Очень важно было предусмотреть, чтобы все технические и административные процедуры, принятые в международных полетах, выполнялись безукоризненно, дабы не создавать неожиданных препятствий. Я объяснил Дану, что он должен поддерживать связь с Анкором и Лиорой. К концу беседы я не сомневался, что Дан разобьется в лепешку, но обеспечит четкую помощь авиакомпании.
Анкору я предложил в ходе операции провести Эйхмана на самолет под видом внезапно заболевшего или пострадавшего в аварии члена экипажа. Но в таком случае в экипаже должен быть человек, похожий на Эйхмана. Иными словами, двойник со всеми необходимыми документами.
Анкор тут же назвал работника, который подошел бы на роль двойника. Решили включить в состав экипажа еще двух наших работников, которым предстояло провожать «заболевшего», помочь ему подняться в самолет и стеречь его в полете. Непосвященным их представят как телохранителей главы нашей делегации.
Конечно, о реальности наших планов придется судить на месте, в Буэнос-Айресе. Возможно, мы строим замки на песке и нам не понадобятся лишние люди, а может, удастся воспользоваться помощью местных жителей. Во всяком случае, Анкор готовился ко всем вариантам и подбирал нужное оборудование и вещи для спецрейса в Буэнос-Айрес.
28 апреля по традиции я поехал в Иерусалим попрощаться с главой правительства. На его вопрос ответил, что рассчитываю вернуться в течение трех или четырех недель.
Потом простился с дочерью и ее мужем, учившимися в университете в Иерусалиме. Я не говорил, куда еду, да они и не спрашивали – уже привыкли.
Настала пора посвятить в нашу тайну генерального инспектора полиции Иосефа Нахмиаса – ведь именно ему будет передан Эйхман.
Мы встретились возле его дома.
– В чем дело? – спросил он, сдержанно улыбаясь.

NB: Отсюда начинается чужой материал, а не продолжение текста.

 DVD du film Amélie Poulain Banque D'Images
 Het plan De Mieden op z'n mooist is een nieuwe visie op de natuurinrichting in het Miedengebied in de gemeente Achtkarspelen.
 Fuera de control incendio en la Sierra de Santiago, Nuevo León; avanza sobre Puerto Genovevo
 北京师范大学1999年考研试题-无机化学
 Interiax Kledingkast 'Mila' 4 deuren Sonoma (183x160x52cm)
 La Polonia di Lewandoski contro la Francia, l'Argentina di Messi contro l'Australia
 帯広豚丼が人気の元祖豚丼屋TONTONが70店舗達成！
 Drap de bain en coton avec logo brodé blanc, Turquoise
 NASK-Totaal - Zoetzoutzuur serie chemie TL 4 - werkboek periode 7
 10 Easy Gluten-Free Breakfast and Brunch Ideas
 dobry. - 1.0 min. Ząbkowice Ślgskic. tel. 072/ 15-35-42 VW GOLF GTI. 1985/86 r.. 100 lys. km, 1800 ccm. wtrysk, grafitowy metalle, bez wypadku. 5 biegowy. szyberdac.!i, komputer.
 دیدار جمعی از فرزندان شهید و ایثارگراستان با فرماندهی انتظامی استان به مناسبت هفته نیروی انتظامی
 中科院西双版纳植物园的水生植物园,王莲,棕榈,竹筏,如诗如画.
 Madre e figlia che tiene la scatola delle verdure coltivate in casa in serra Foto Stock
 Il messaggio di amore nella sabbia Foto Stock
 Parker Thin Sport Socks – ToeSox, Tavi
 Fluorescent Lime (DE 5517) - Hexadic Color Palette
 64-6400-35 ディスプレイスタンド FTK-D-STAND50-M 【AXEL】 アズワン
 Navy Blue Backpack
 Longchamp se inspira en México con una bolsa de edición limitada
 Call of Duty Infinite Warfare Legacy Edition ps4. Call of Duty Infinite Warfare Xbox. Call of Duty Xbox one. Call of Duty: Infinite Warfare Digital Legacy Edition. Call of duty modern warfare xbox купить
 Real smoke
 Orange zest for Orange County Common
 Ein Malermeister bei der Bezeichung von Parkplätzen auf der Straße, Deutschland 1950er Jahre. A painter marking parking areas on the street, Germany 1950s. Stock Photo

– Пришел попрощаться. Уезжаю на несколько недель.
– Куда же?
– На поиски Адольфа Эйхмана.
– И вы полагаете, что это вам удастся?
– Полной гарантии, конечно, нет, но я почти уверен.
Нахмиас пожелал удачи.
Как назло, в те дни я был занят одним иностранным гостем высокого ранга. И как бы ни поджимало время, я не мог не выполнить своих обязанностей по отношению к гостю. И не только из вежливости: он не должен был догадаться, что я занят неким экстренным делом. После того, как Эйхмана доставят в страну, высокий гость может сопоставить факты и сообразить, что из Аргентины преступника выкрали израильские оперативники, а лишние политические осложнения нам были ни к чему. Я не знал, как наше собственное правительство отнесется к захвату Эйхмана, как поведут себя члены его семьи и аргентинские власти. Мы предполагали, что если газеты раструбят о появлении палача в Израиле, но не сумеют доказать, что доставили его сюда именно мы, то семья не сможет требовать у аргентинских властей возвращения Эйхмана. Следует всячески скрывать наше участие в похищении – пусть нас сколько угодно подозревают, лишь бы ничего не доказали.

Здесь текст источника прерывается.